Employer Excise Taxes Under Health Care ReformAnn Caresani
January 29, 2013 — 1,702 views
Contraceptive Coverage Mandate, New Proposed Regulations and HHS Due Process and Privacy Report Deadline Was 1/1/13
As you may have heard, the U.S Supreme Court denied Hobby Lobby an injunction against the PPACA contraceptive coverage mandate. Employers who maintain health care plans are required to pay excise taxes for failure to comply with a particular aspect of the law, regardless of whether coverage is affordable. As we previously explained, these nondeductible taxes are computed per affected individual, per day, and they may be substantial. Hobby Lobby will purportedly accrue taxes of $1.3 million per day if it continues to maintain its plan, but fails to provide the mandated coverage.
On December 28, the IRS issued a 144-page notice of proposed rulemaking and notice of public hearing on shared responsibility for employers regarding health coverage. This notice applies to a different set of nondeductible excise taxes. The notice is a lot to absorb, but so far we can see that it leaves open a lot of questions about tax timing, logistics, privacy and due process, which will apparently be addressed by the Secretary of Health and Human Services (HHS) in regulations and other guidance.

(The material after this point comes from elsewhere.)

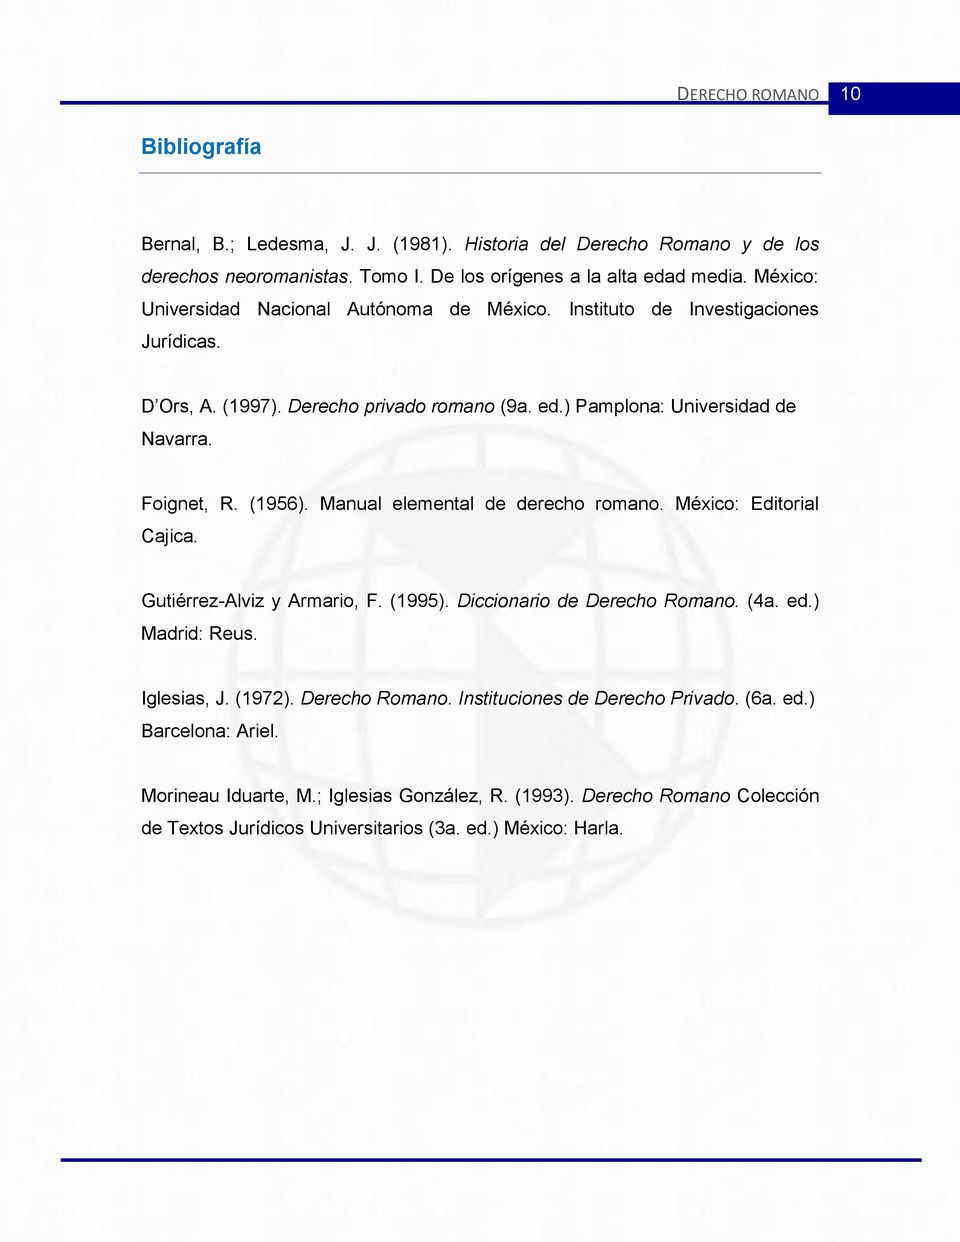 (1956). Manual elemental de derecho romano. México: Editorial Cajica. Gutiérrez-Alviz y Armario, F. (1995). Diccionario de Derecho Romano. (4a. ed.) Madrid: Reus. Iglesias, J. (1972).

PPACA required HHS to issue a due process and privacy report by January 1, 2013. This report is needed to resolve statutory weaknesses regarding the excise taxes that could lead to new constitutional challenges if not resolved. Specifically, Section 1411(i) of PPACA requires the Secretary of HHS to consult with the Secretary of Treasury, study administration of employer responsibility, and provide a report to Congress by January 1, 2013 that addresses the procedures and/or legislative changes necessary to:
- protect the rights of employees to confidentially of taxpayer return information and right to enroll in an exchange health plan if the employer does not provide affordable coverage; while
- protect an employer's right to adequate due process and access to information necessary to accurately determine any shared responsibility penalty assessed on applicable large employers, commencing in 2014.
As we explained in a prior blog, the determination of these excises taxes cannot be verified until after individuals file their personal tax returns, and a substantial amount of information is collected and analyzed. While an employee may receive a premium credit in January 2014, whether that employee was actually eligible for that credit and whether the employer is actually liable for a penalty will not be determinable until perhaps mid to late 2015. Accordingly, there could be a two-year gap between when an employer is notified that an employee has received a credit, and when it has the information required to respond to an assertion that it owes a penalty. PPACA does not give employers the mechanisms to gather necessary information to determine penalties, and in fact prohibits the employer from obtaining much of this information, which leads to the due process concerns.
Others have discussed the breadth of information required, explained that the federal government is gearing up to collect all this information, and expressed concern about the privacy risks (theft/fraud) associated with this centralized data collection.
We have not seen an announcement about this HHS due process and privacy report yet, which could mean that it has been delayed beyond the January 1, 2013 deadline, or that it is has been overshadowed by fiscal cliff activity. But we will be interested to see how these issues will be resolved, and when employers will have to begin paying the new excise taxes.